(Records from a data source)

════════════════════

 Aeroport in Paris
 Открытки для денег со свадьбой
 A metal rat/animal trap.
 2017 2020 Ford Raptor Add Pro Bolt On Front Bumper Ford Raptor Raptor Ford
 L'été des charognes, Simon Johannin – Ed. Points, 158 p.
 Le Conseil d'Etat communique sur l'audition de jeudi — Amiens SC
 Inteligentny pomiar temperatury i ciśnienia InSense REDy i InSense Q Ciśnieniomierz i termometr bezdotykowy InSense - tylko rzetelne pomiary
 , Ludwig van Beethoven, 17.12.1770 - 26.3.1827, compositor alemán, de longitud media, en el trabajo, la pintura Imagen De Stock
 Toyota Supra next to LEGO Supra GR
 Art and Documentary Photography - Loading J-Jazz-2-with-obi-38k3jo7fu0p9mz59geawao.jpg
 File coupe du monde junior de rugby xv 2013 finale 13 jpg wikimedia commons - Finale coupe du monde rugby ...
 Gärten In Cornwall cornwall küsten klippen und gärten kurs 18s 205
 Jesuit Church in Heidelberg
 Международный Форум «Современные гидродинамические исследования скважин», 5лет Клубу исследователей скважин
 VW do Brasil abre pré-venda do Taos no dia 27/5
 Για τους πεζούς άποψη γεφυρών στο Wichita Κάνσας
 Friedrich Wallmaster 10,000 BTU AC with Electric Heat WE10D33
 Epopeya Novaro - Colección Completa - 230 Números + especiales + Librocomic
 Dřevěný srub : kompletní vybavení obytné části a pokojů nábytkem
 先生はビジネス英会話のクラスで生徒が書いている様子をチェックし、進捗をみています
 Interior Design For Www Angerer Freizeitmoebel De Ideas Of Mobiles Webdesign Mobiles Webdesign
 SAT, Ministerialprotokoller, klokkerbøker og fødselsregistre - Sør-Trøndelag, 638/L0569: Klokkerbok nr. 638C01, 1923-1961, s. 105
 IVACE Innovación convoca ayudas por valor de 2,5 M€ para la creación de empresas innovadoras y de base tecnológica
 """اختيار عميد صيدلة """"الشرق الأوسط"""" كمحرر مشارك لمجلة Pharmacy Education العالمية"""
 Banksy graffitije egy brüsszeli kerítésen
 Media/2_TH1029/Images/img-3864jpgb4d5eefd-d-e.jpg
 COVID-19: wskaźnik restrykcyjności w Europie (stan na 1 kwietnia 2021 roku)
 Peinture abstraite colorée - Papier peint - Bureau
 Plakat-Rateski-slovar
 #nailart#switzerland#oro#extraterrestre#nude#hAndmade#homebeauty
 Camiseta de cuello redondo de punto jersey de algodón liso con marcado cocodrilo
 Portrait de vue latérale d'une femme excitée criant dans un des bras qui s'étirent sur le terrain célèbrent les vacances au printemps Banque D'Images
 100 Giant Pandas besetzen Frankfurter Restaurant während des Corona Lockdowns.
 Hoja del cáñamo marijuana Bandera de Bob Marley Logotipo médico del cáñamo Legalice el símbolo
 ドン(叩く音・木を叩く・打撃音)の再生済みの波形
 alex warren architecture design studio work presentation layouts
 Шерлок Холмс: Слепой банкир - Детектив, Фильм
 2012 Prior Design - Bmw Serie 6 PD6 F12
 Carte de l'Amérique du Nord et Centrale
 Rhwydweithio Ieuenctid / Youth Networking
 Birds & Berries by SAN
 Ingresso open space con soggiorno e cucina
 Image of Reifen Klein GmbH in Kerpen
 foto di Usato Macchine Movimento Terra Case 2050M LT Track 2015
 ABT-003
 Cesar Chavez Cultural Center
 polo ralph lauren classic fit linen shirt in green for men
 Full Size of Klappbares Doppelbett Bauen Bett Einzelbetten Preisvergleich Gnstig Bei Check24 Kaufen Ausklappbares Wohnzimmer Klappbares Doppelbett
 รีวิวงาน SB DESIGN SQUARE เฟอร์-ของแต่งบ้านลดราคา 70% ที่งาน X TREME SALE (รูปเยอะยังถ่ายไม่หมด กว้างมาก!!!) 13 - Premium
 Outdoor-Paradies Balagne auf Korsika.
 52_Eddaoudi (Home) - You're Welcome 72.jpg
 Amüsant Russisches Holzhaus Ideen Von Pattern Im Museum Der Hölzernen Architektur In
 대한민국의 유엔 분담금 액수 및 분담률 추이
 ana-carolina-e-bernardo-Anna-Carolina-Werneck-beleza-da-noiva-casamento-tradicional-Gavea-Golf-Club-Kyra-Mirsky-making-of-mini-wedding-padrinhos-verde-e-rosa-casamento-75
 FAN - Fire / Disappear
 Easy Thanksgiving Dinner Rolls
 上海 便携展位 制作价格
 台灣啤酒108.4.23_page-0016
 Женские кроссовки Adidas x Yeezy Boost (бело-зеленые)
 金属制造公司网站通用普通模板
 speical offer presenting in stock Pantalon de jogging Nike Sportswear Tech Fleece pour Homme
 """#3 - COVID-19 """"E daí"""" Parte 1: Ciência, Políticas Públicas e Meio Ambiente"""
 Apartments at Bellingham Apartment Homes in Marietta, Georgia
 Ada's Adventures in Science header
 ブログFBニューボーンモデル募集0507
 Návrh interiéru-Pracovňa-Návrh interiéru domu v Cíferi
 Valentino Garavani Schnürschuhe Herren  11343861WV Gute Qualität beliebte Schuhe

════════════════════

**What is needed:** Go through the data above and return each line containing the string "COVID".

**Solved problem:**
 COVID-19: wskaźnik restrykcyjności w Europie (stan na 1 kwietnia 2021 roku)
 """#3 - COVID-19 """"E daí"""" Parte 1: Ciência, Políticas Públicas e Meio Ambiente"""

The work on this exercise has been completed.